Однако всему приходит свой срок. В мае 1897 года наступает время выпускных экзаменов. На письменном экзамене по русскому языку была предложена весьма актуальная для Макса тема: «Влияние поэта на общество». Волошин, конечно же, «разобрал поэта как голос общественной совести» и определил все «стадии общественного значения поэта: поэт — пророк, поэт — жрец, поэт — национально-эпический певец, поэт — певец-трубадур и, наконец, поэт — писатель». А чуть позже происходит неприятная история с Ю. А. Галабутским, который, отстаивая своё достоинство, отказался, подобно другим учителям, дать унизительную расписку в том, что он «не будет брать взяток и писать доносов», что привело к серьёзному конфликту с директором Гролихом и поставило под удар дальнейшую карьеру преподавателя-слависта. К тому же Макс узнаёт, что его товарищу гимназисту-еврею Исару Спитковскому собираются выставить в аттестат четвёрку за поведение, что автоматически исключит возможность его поступления в университет.
И тут уже проявляется ещё одна, неизбывная, ипостась Волошина — альтруиста, выступающего в защиту ближнего. Он обращается за помощью к дочери Айвазовского, Александре Ивановне Лампси, та обещает походатайствовать перед отцом и губернатором, а вскоре поэт получает приглашение Айвазовского посетить его с кем-нибудь из товарищей. 19 мая Волошин с Пешковским прибыли к художнику в Шах-Махай, где были приглашены за стол и имели с мэтром весьма характерный разговор:
— Я вас пригласил, господа, чтобы поговорить… относительно последней истории в вашей гимназии, то есть об удалении этого учителя… как его?.. Гала… Галабутского… Так я слышал, что у вас какие-то волнения там…

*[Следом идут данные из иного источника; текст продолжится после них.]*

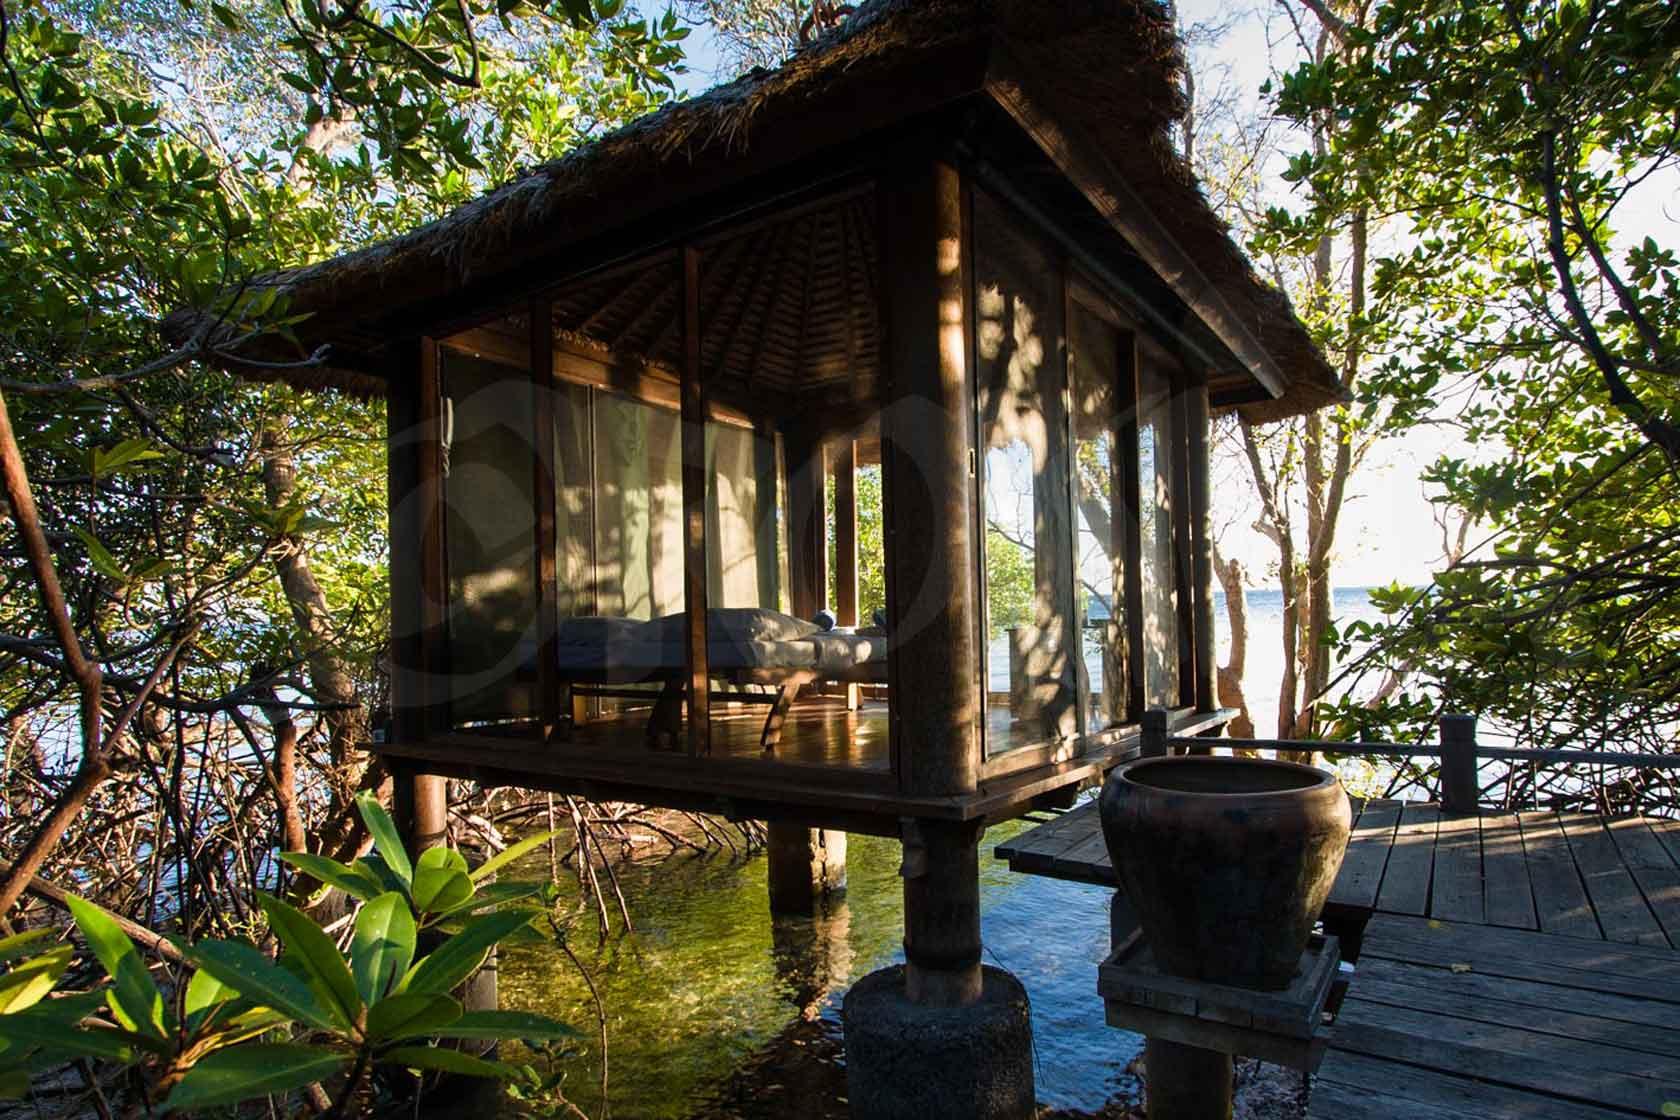 Bali Menjangan
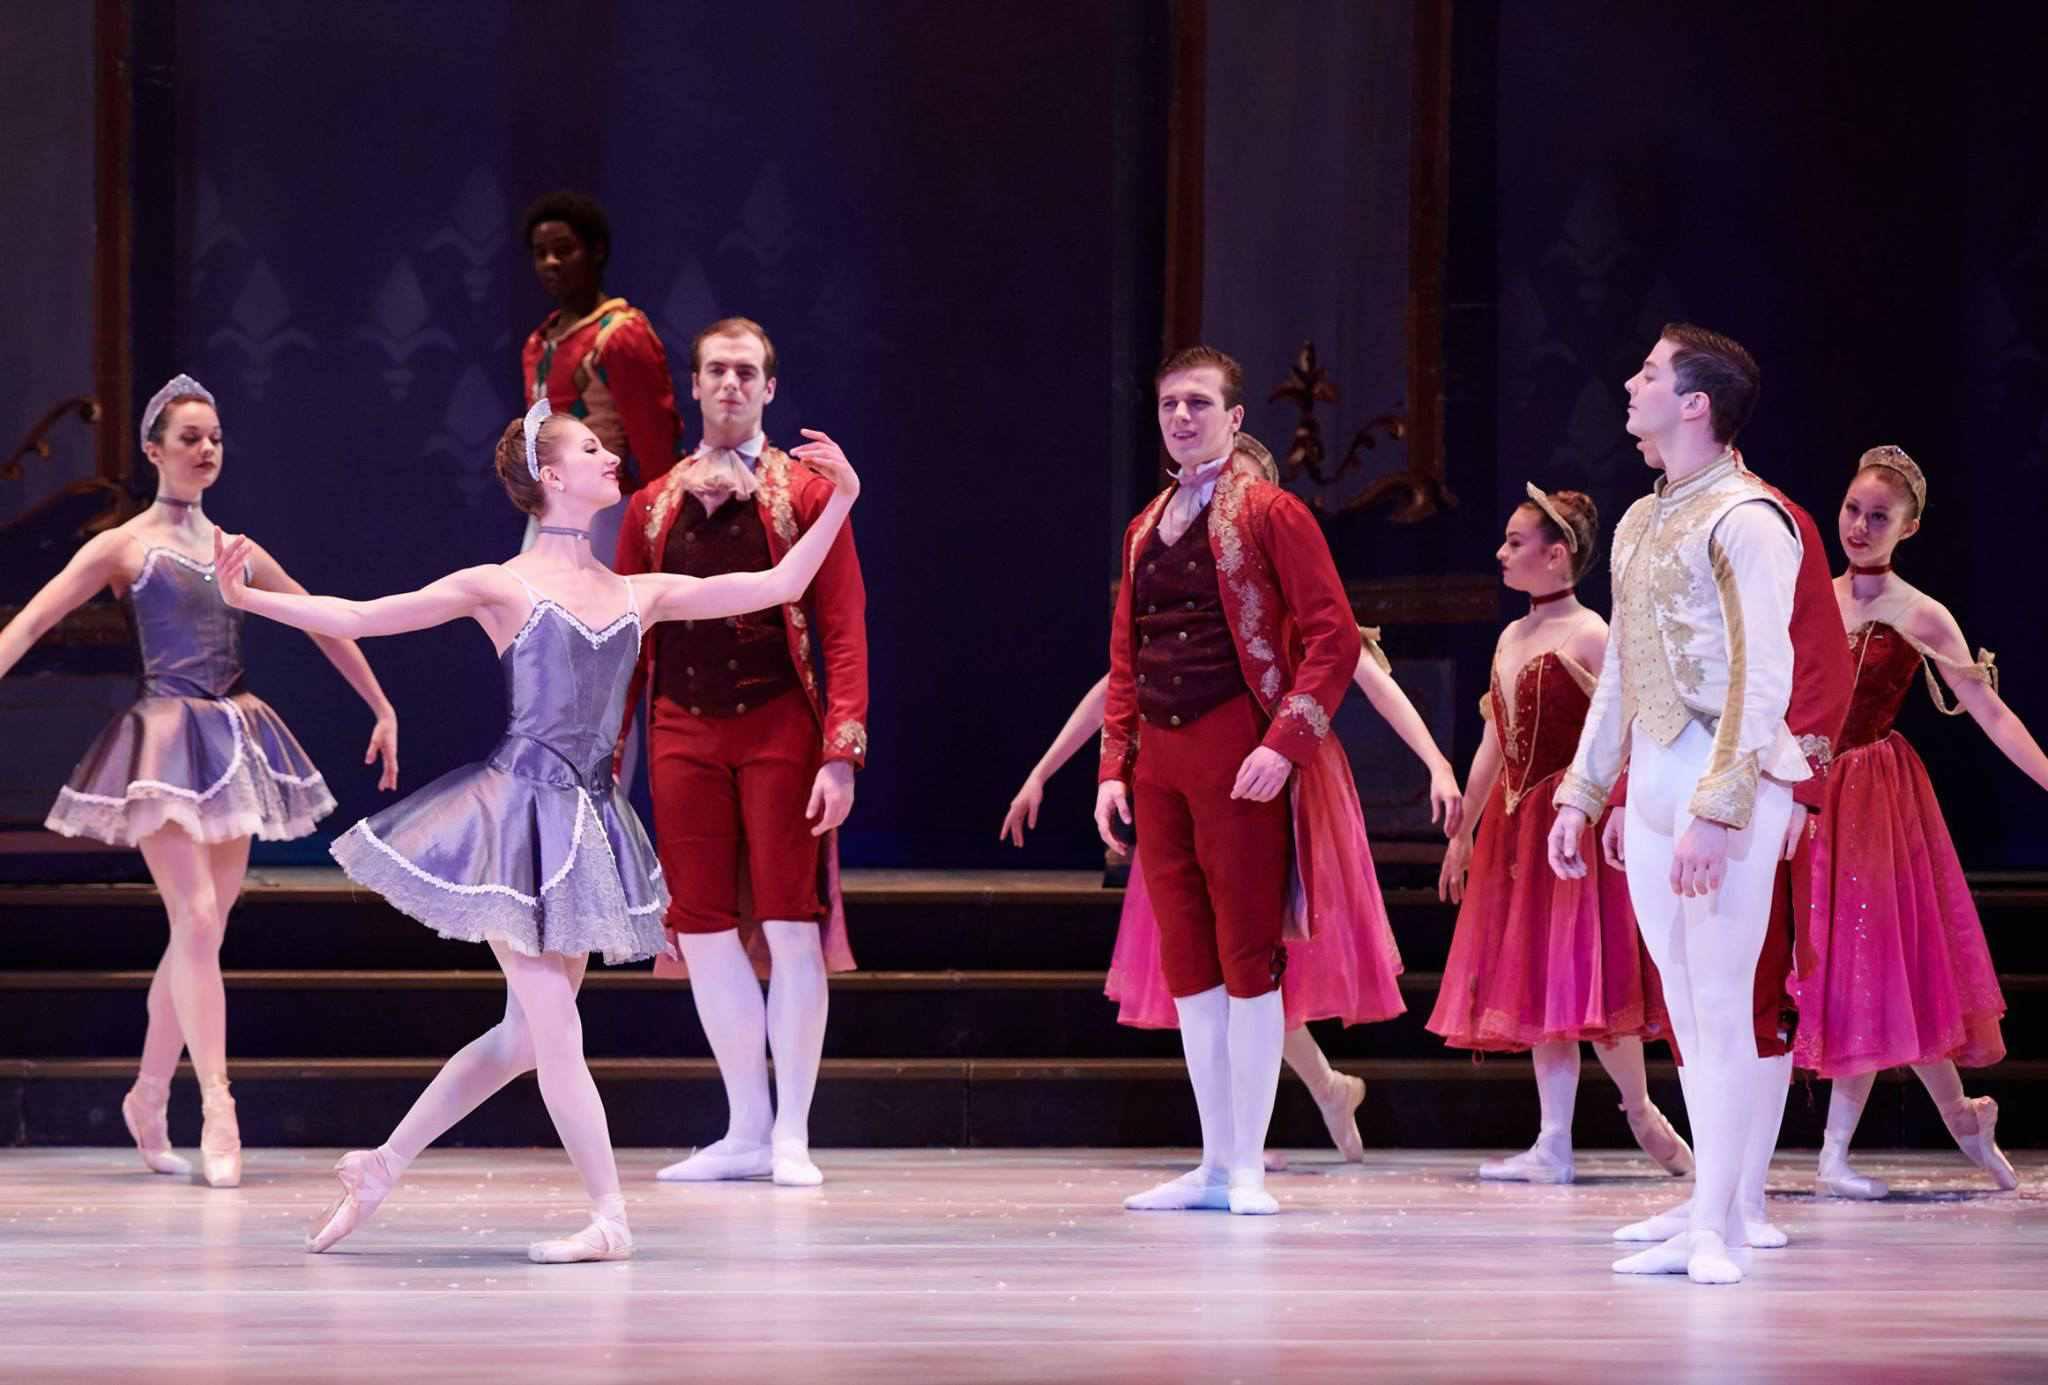 St. Louis Ballet performing The Nutcracker

— Волнений между учащимися нет: вы неправильно поняли. Александра Ивановна употребила в письме слово «волнения» в том смысле, что гимназисты очень огорчены отставкой лучшего и любимейшего учителя.
— Да… Так вот, я хотел предупредить через вас других учеников, чтобы они не устраивали никаких демонстраций против директора, потому что это может только повредить Галабутскому. Я же лично… не могу ничего сделать, так как я недавно беспокоил министра по поводу постройки нового здания гимназии… Галабутский поступил, конечно, благородно, но ведь другие же подписали эту бумагу, так следовало и ему. Зачем непременно выделяться?.. Придётся уже примириться с его удалением. Я вообще… я держусь взглядов… я собственно не…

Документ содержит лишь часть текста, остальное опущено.